Prime-Time Pioneer

updated 11/03/1997 AT 01:00 AM EST

originally published 11/03/1997 AT 01:00 AM EST

TO THE GENTLEMEN OF THE PRESS in the mid-1960s, Nancy Dickerson was a source of frequent irritation. No matter how many reporters were present, President Lyndon B. Johnson would make a bee-line for the streak of feminine color in their gray flannel ranks. "Hello, Nancy!" he'd bellow into her mike.

Dickerson had no trouble standing out in the Capitol Hill crowd. As a correspondent for CBS in 1960, she was the first female TV reporter to cover a national political convention and later became the first woman to have a daily news program on network television (Inside Washington). When she died at 70 on Oct. 18 in Manhattan after complications from a stroke, Dickerson left a journalistic legacy spanning the March on Washington in 1963 to the 1996 presidential election, paving the way for other newswomen. "She was the ultimate pioneer," says Lesley Stahl, 55, of CBS's 60 Minutes. "She was out there all by herself, covering presidents, covering the conventions, getting really important scoops and raising a family."

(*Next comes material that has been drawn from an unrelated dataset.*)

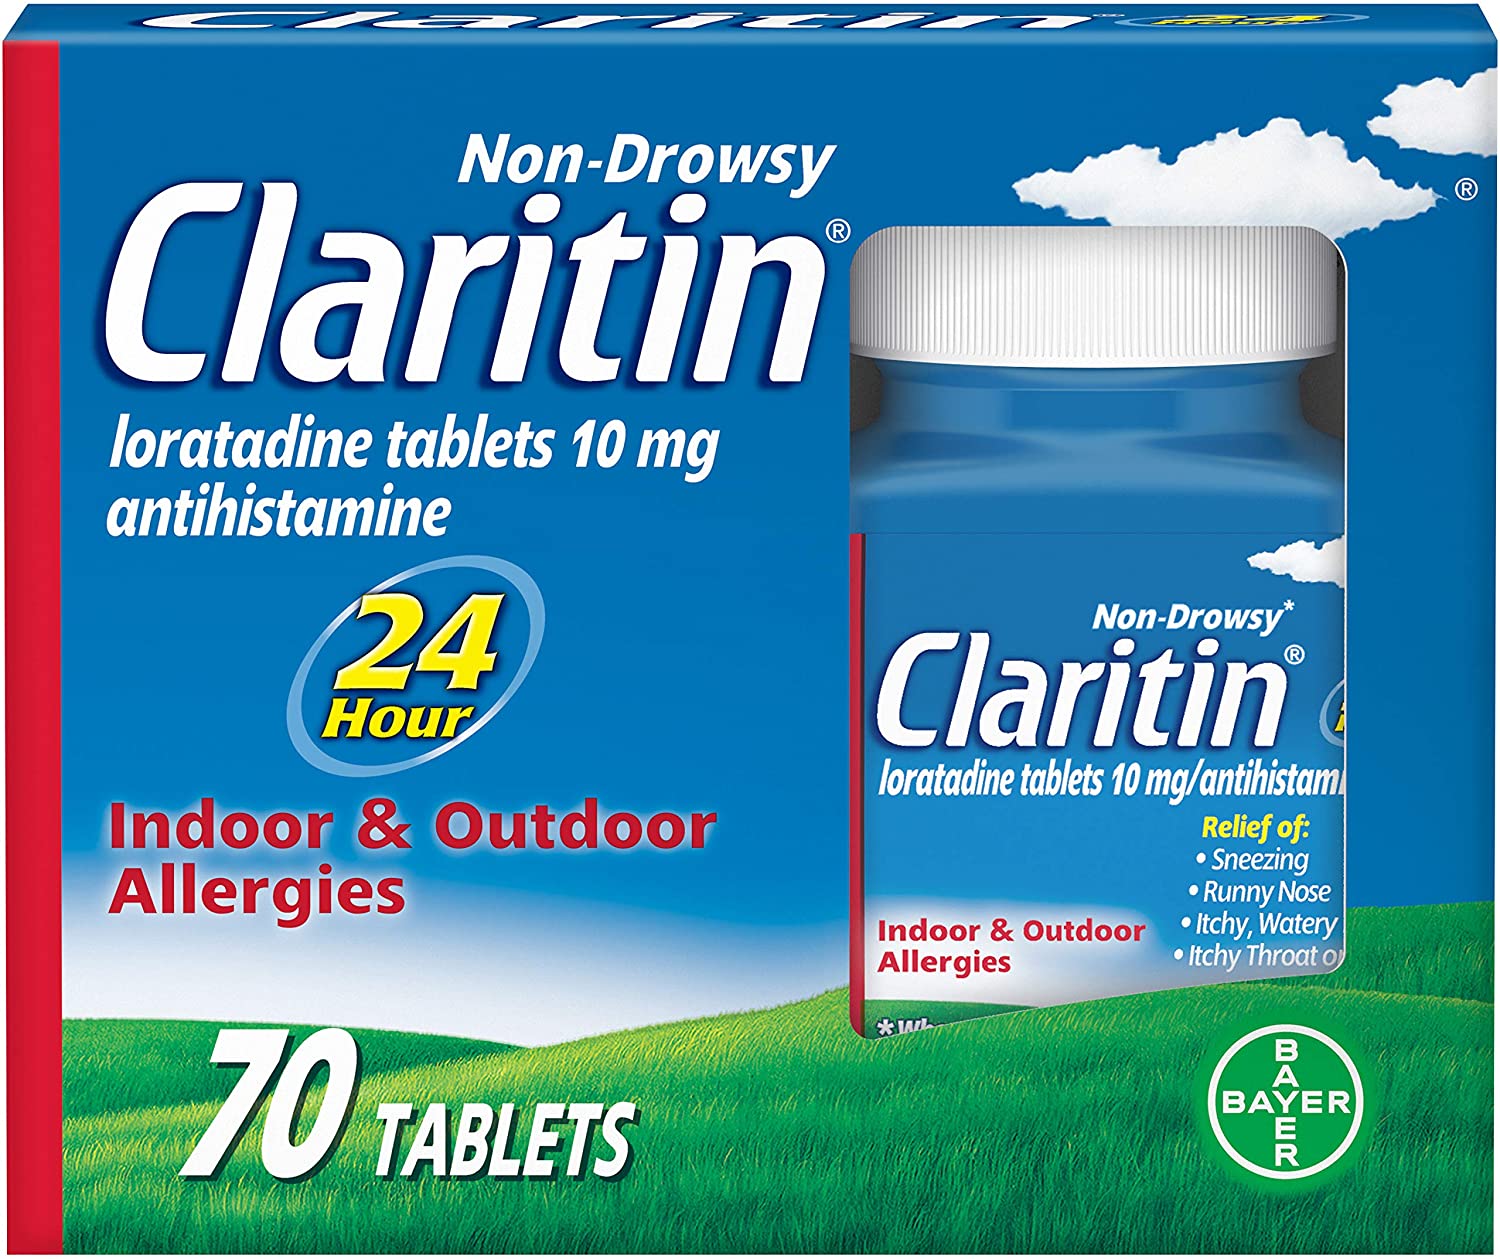 Claritin 24 Hour Non-Drowsy Allergy Medicine, Loratadine Antihistamine Tablets, 70 Ct - image 1 of 6

Dickerson was equally adept on the social circuit. In her 1976 autobiography, the onetime teacher from Wauwatosa, Wis., revealed that she had dated three senators, including John F. Kennedy ("the complete male chauvinist," she wrote), and had deflected a proposition from Johnson ("I didn't find LBJ very sexy"). During her marriage from 1962 to 1983 to developer Wyatt Dickerson, the father of her two children, Nancy threw lavish parties at their Washington townhouse or their country mansion in McLean, Va., entertaining the likes of the Reagans, Sinatras and Harrimans.

At home, Dickerson, who married former Deputy Secretary of State John Whitehead in 1989, was a burnt-toast cook and a devoted mother. "She was constantly trying to learn and to pass that on to us," says her youngest child, John Dickerson, 29, a correspondent for TIME. Even as she battled illness over the last two years, she "never ever gave up," he says. "That's the way she lived her whole life."